A List of Plein Air Painting Books - Plus a Painting!

I'm a firm believer in having a library of books built around your passion. My passion, of course, is plein air painting, and so over the years I've accumulated quite a collection. Some are excellent and bear reading over and over again. I've started a list on Amazon.com of my favorites. Not all of the books address plein air specifically, but they all address important principles for the plein air painter. If you have a moment, I'd love to have you look at the list and let me know if I've missed an important book. The list is here.

The other day I wrote about saving a painting by cropping with a bandsaw and other desperate means. Sometimes, a painting is "close" and just needs a few tweaks. I had a painting like that, a 12x16 oil that I knew immediately upon getting home that it needed adjustment.

I was with a student over near Bell Rock, a popular vortex destination for tourists. Normally, I would avoid a spot that has the potential for high curiosity traffic, but it was early in the morning, and we had gotten some good, strong coffee and were feeling bullish. Because the parking lot was virtually empty, we set up there. We had a great view of some rim-lit rocks. In the process of trying to make the shadowed trees below the rocks "read" as shadowed and the sunlit trees "read" as sunlit, I made the sunlit trees too bright in value. The painting looked fine in the field, and as the parking lot filled to capacity, a number of tourists told me so. Never listen to spectactors!
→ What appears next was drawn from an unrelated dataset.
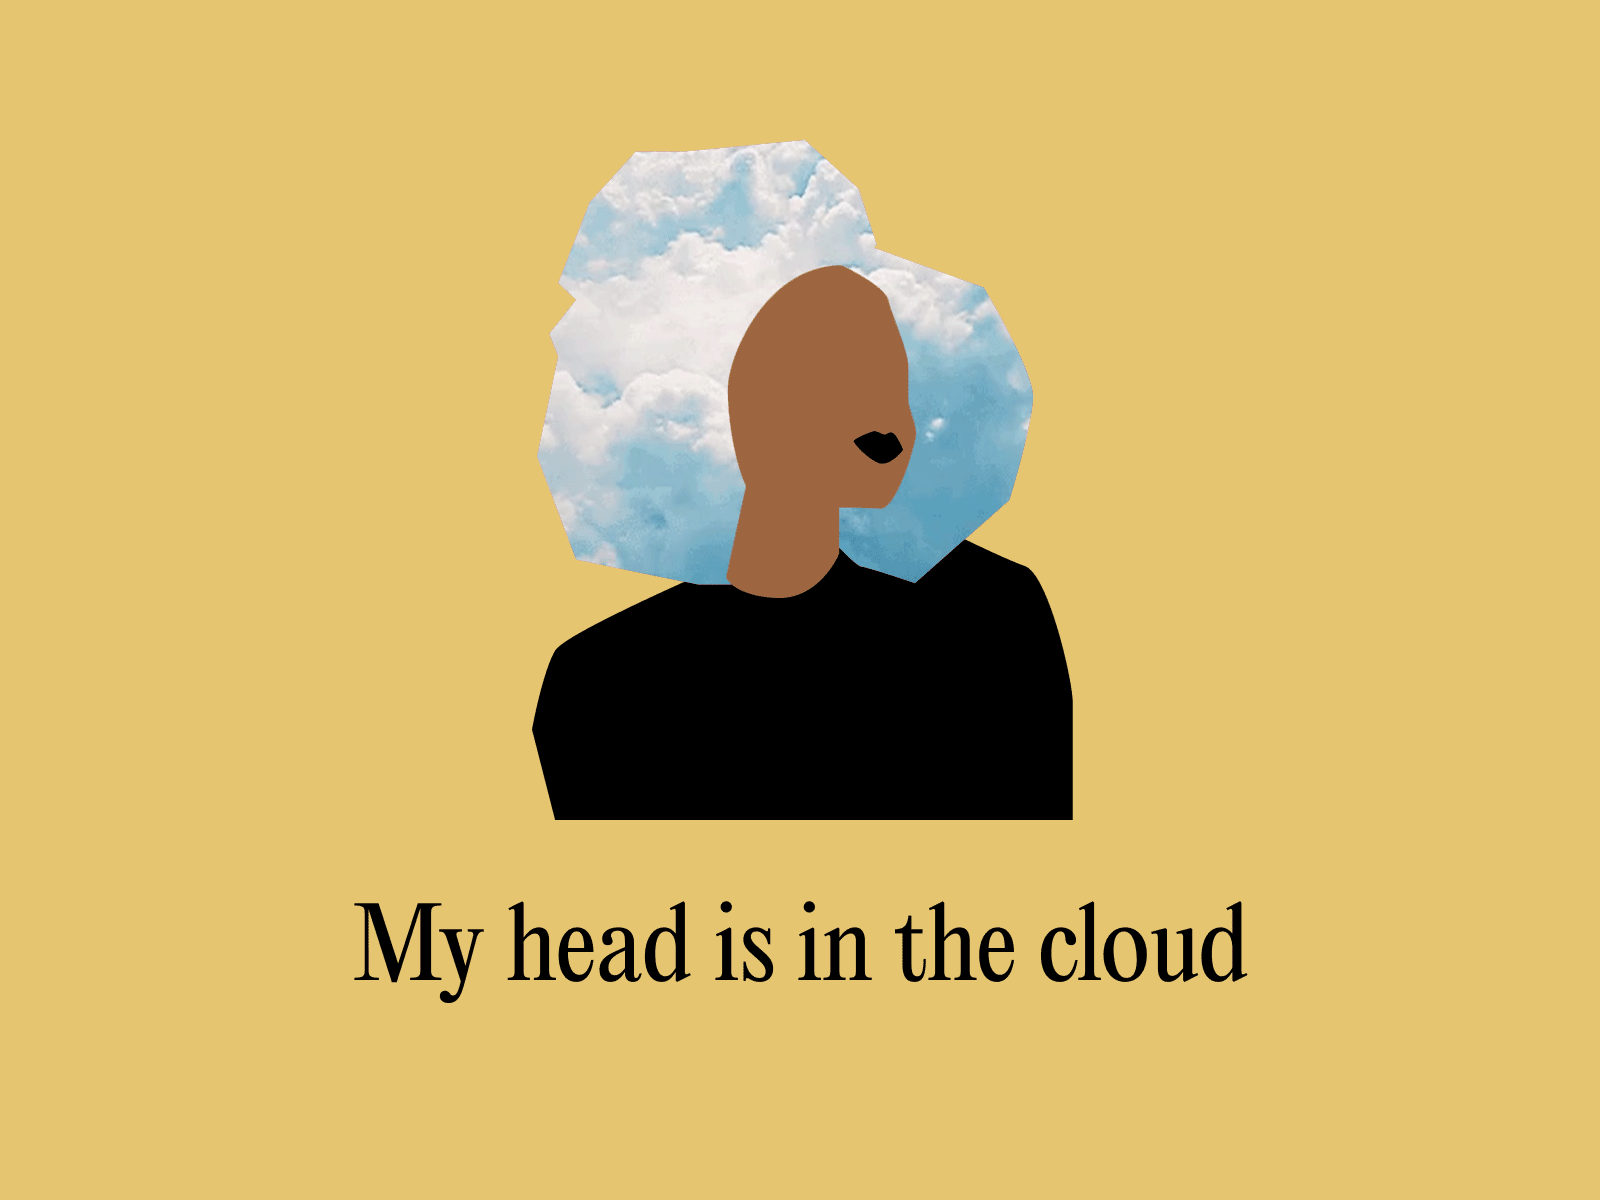 My head is in the cloud

Once I got it home, I knew it needed some work. But I put it aside and forgot about it. Normally, the surface of an oil painting will still be "open" for another day so you can make adjustments. A couple of weeks later, when I pulled it out of the stack, it was bone-dry. Yesterday I gave it a good spray of retouch varnish to saturate the colors and prepare the surface for more painting. To adjust the light passages, I scumbled over a darker but warmer mixture. And since I'd sprayed the whole painting, I made other adjustments, too - cooler, richer color in the shadows to increase temperature contrast and intensified the highlights. I even sharpened the ravens you see circling about the rocks. (Adding animals to a painting can make it rather saccharine, but I added the ravens - which were really there! - for scale.)